そして、今まではダンスで補習といわれると、補習の味方ジャスパー様が居ましたが、今年からはそうは行きません。となるとですね、リィ様とマウシット様に群がるのですよ。令嬢達のギラつきようが怖いのなんのって。ガクブルや済みませんからね?オブシディアンとハウライト連れて真っ先に逃げました。
因みに、ルチルはマーカサイト様から申し込まれてました。一番穏やかで安全ですよ。お誘いに顔を真っ赤にするルチルがとても可愛かった事をご報告いたしますわ。
「試験までに間にあうといいのですけど」
「決まらなくて補習になったら、絶対に僕が相手をするからね」
苦笑を浮かべていると、怖いにっこり笑顔でリモナイト殿下に宣言されました。侯爵家の名もありますので、相手がいなくて補習とかは避けたいと思いますわ。リィ様の怖い笑顔の原因は、あっさりと逃げてしまった私にありますので、余計な事は言うまい。

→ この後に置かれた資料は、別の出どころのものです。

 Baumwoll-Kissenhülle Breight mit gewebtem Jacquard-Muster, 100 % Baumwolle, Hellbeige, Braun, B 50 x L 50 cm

「じゃあ、僕は先に練習に行くから。アズラは此処まででいいよ、騎士科に戻るといい」
「はい、また放課後にお迎えに伺います」
たった一年の月日だというのに、リモナイト殿下もアズライトも私の頭一つは上に顔があります。今までは少し上を向けば顔があったのに、変な感じですね。じっと見ていたら、それに気がついたアズラがニコッと笑みを浮かべて首を傾げてきました。

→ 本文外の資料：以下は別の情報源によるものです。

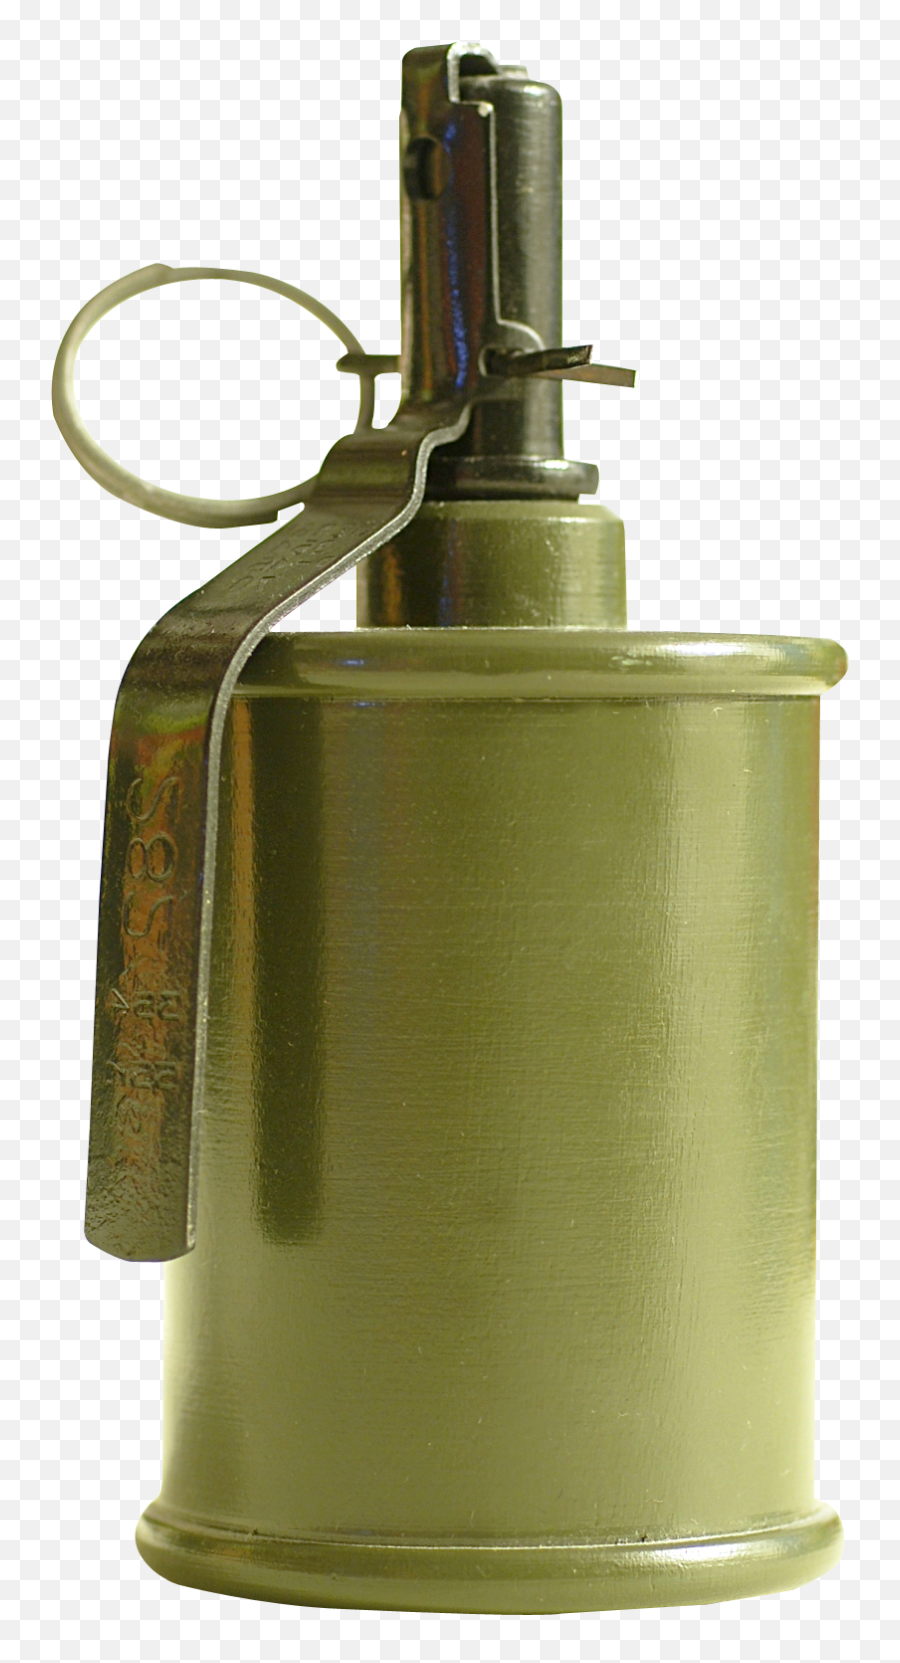 Transparent Images Snipstockcom - Handgrenadepng Grenade Cylinder Emoji,Grenade Transparent

優しいエメラルドグリーンの瞳が細められ、甘く見詰められていると気付けば、胸がドクンと高鳴る。
「どうかした?」
「な、何でもありませんわ。首が疲れるなーって思っただけよ」
ぷいっと視線を逸らしたけど、首が疲れるって
な・ん・だ・そ・れ!
私、ジャスパー様には普通にしてますよね!?アイクお兄様だってラズーラ殿下だって背は高いじゃないですか!問題なくお話してますが、何がどうしたよ!?
(まて、落ち着け、落ち着きなさいアメーリア!)
「じゃあ、これならいい?」
そういってアズラは私の足元に跪き、制服のスカートへと口付けた。そう、まるで小説で読むような王子様や騎士様のように。
(は!?ちょ、何処でそんな事覚えたの!?あれか!ジャスパー様か!)
頭の中は大混乱で、グルグルですよ。顔に出ないというか、出さないお嬢様教育に感謝しかない。白と黒の斑の髪に、丸い耳。同じ色と柄の尻尾が楽しそうに揺れて、エメラルドグリーンの瞳がじっと私を見詰める。
「ねぇ、アリア。試験のダンスの相手、僕じゃ駄目?」
「…あい、てって…。試験のダンスは貴族科か魔法特進科の生徒でパートナーになるか、婚約者がいる人は婚約者なら何科でも可能ですけど…」
「うん、知ってるよ」
にっこりと笑って今度は手を取り、甲に口付けられた。目を丸くして固まっている私に向けられる、アズラの真っ直ぐな瞳。去年はそんな事言ってこなかったのに?ルチルの事があったのもあるけど、おどおどしていた可愛いアズラが違う!